[The data]

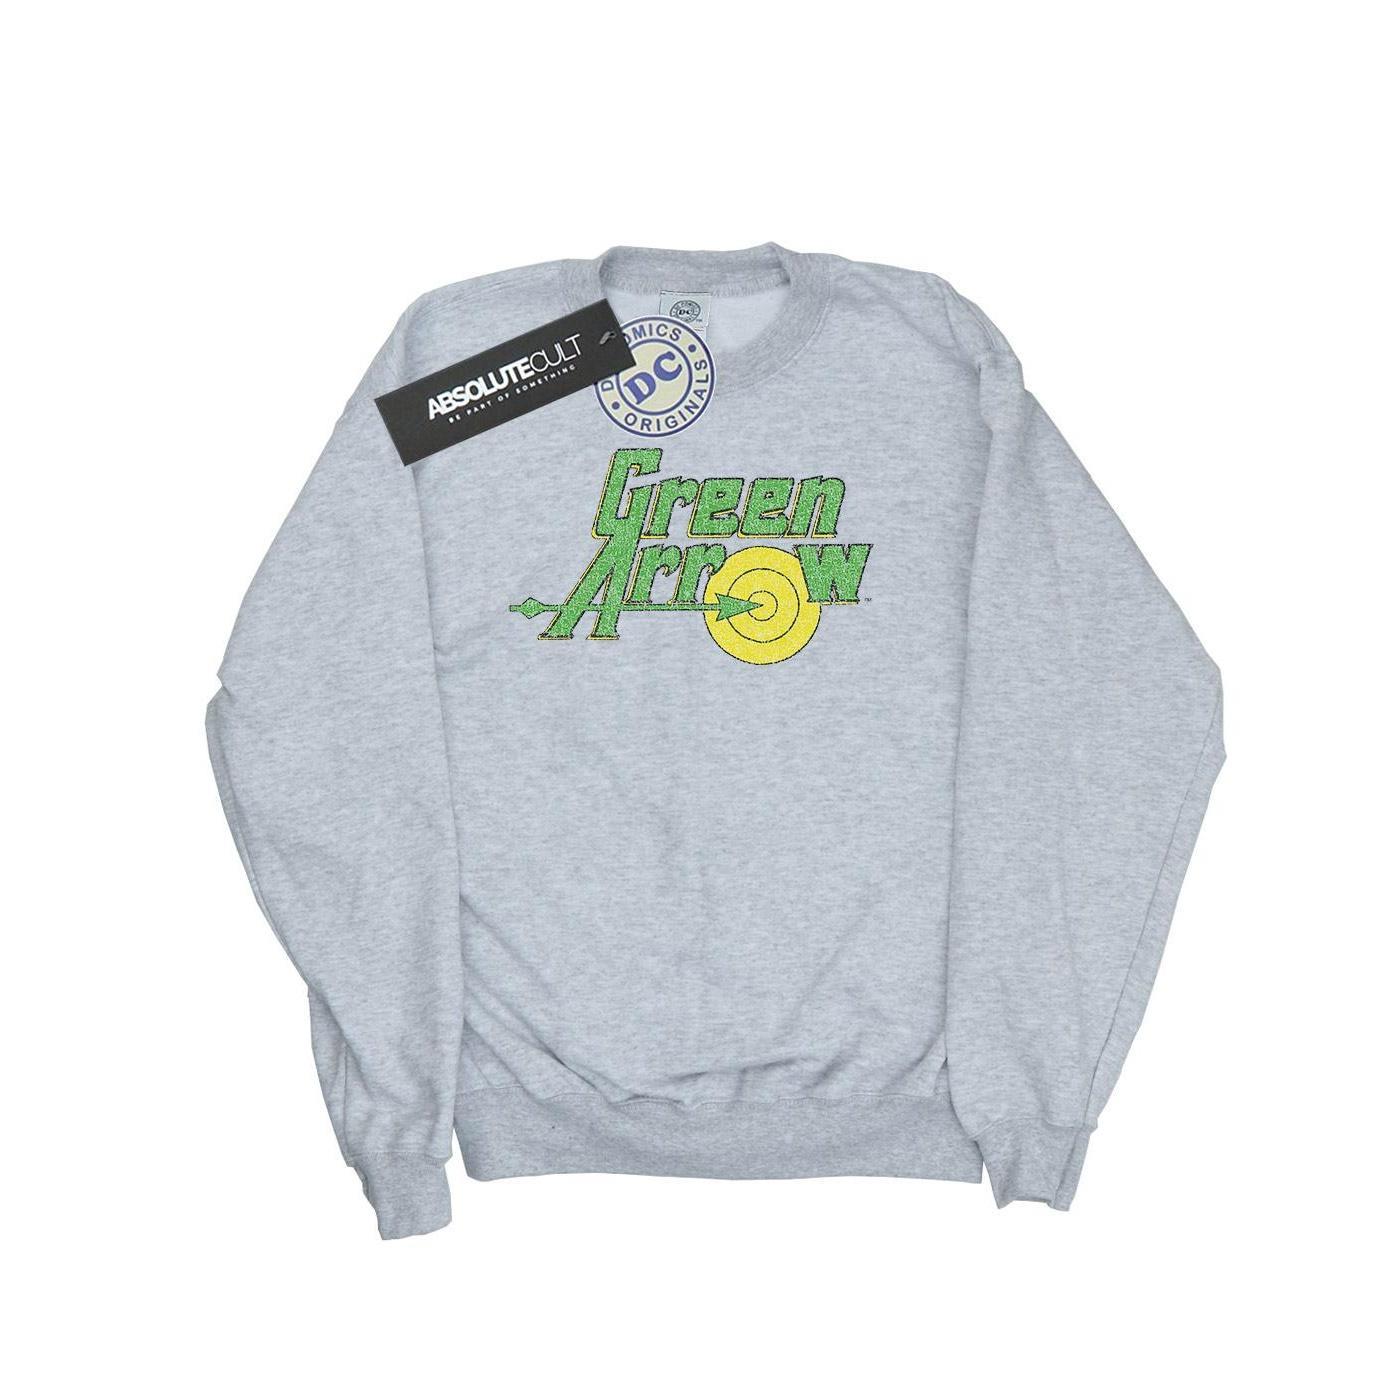 DC Comics Boys Green Arrow Crackle Logo Sweatshirt (Sports Grey) (5-6 Years)
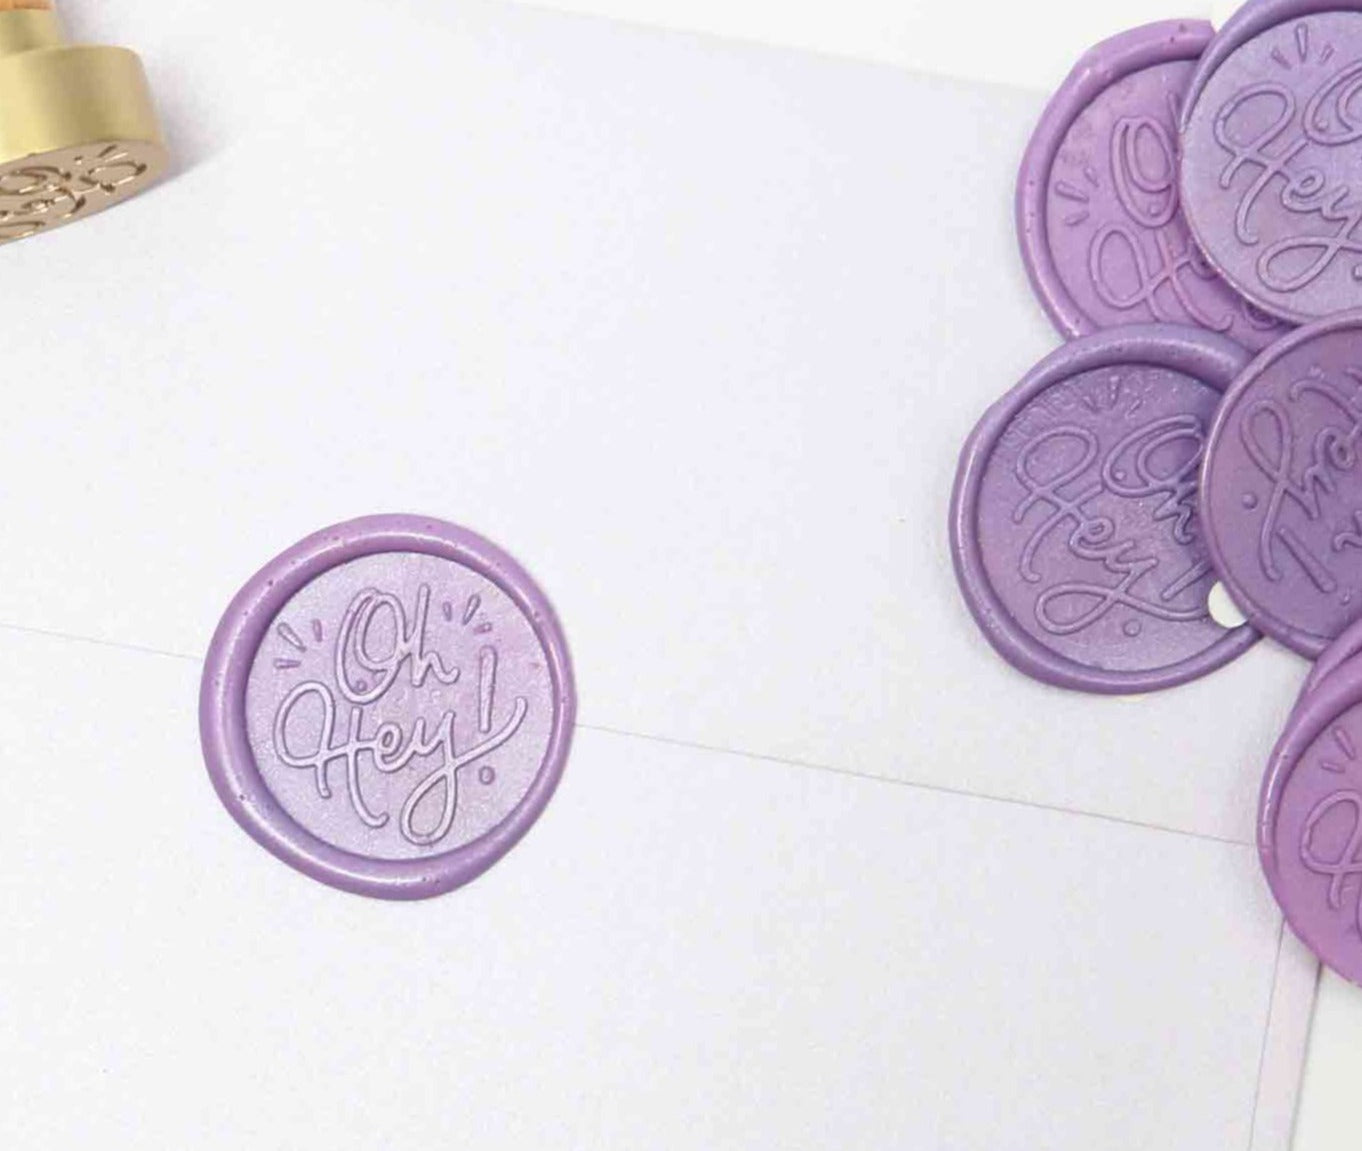 Oh Hey! Wax Seal Stamp (Gratitude Series)
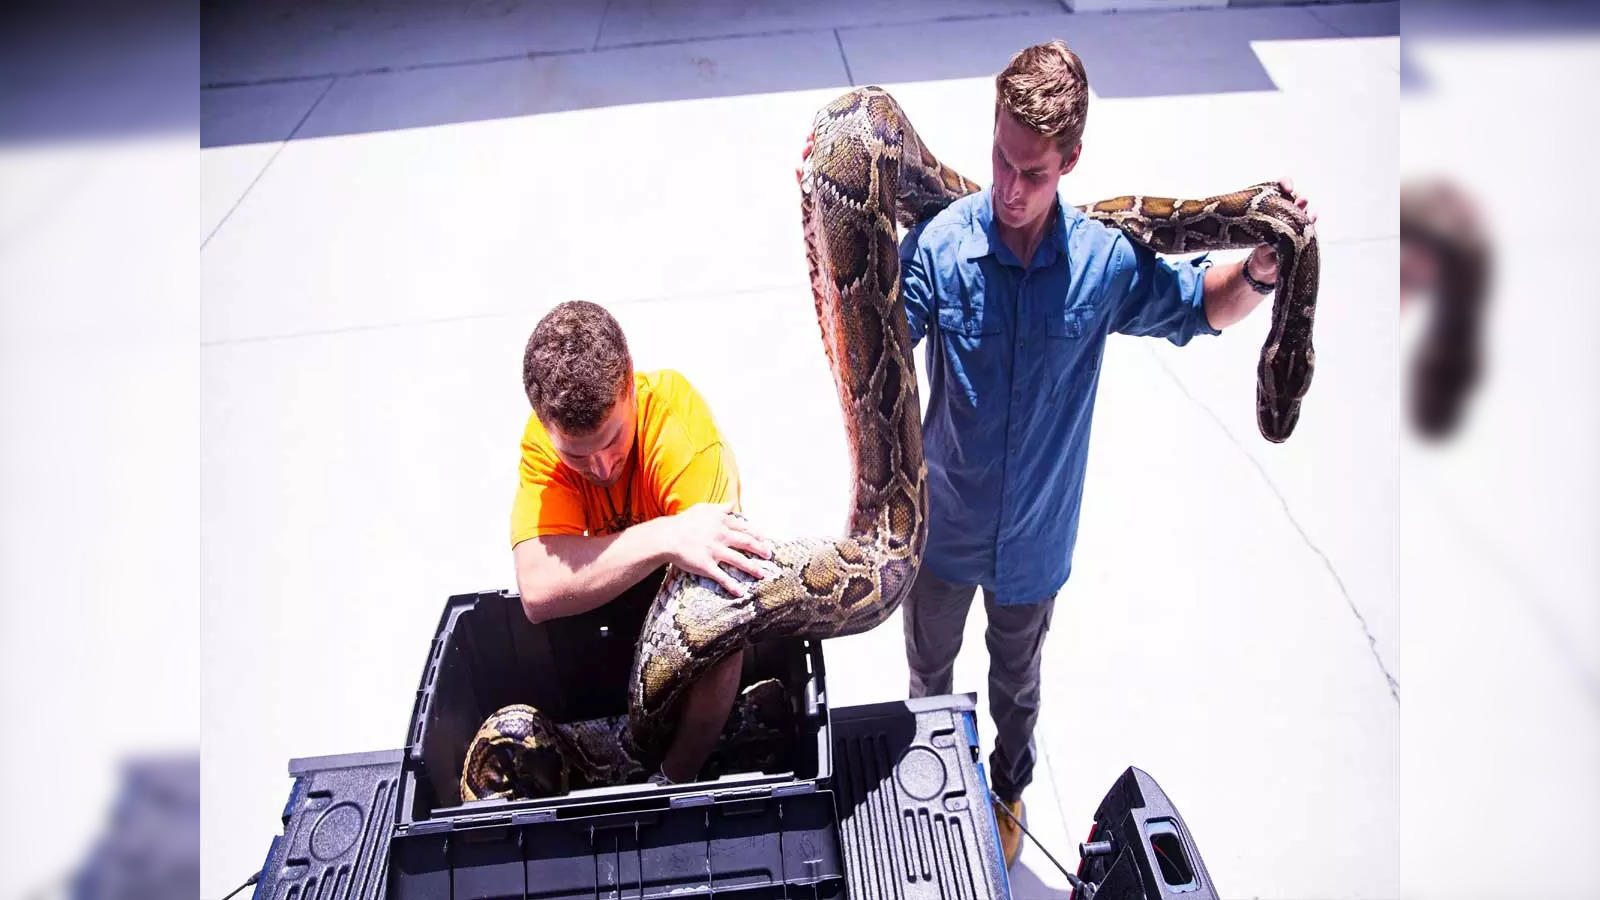 longest Burmese python: Longest ever 19-foot Burmese python caught in South  Florida raises concerns - The Economic Times

[/The data]

=== Work to be completed ===
Pictures are not part of the copy; retype all the other material exactly.

=== Answer section ===
 DC Comics Boys Green Arrow Crackle Logo Sweatshirt (Sports Grey) (5-6 Years)
 Oh Hey! Wax Seal Stamp (Gratitude Series)
 longest Burmese python: Longest ever 19-foot Burmese python caught in South  Florida raises concerns - The Economic Times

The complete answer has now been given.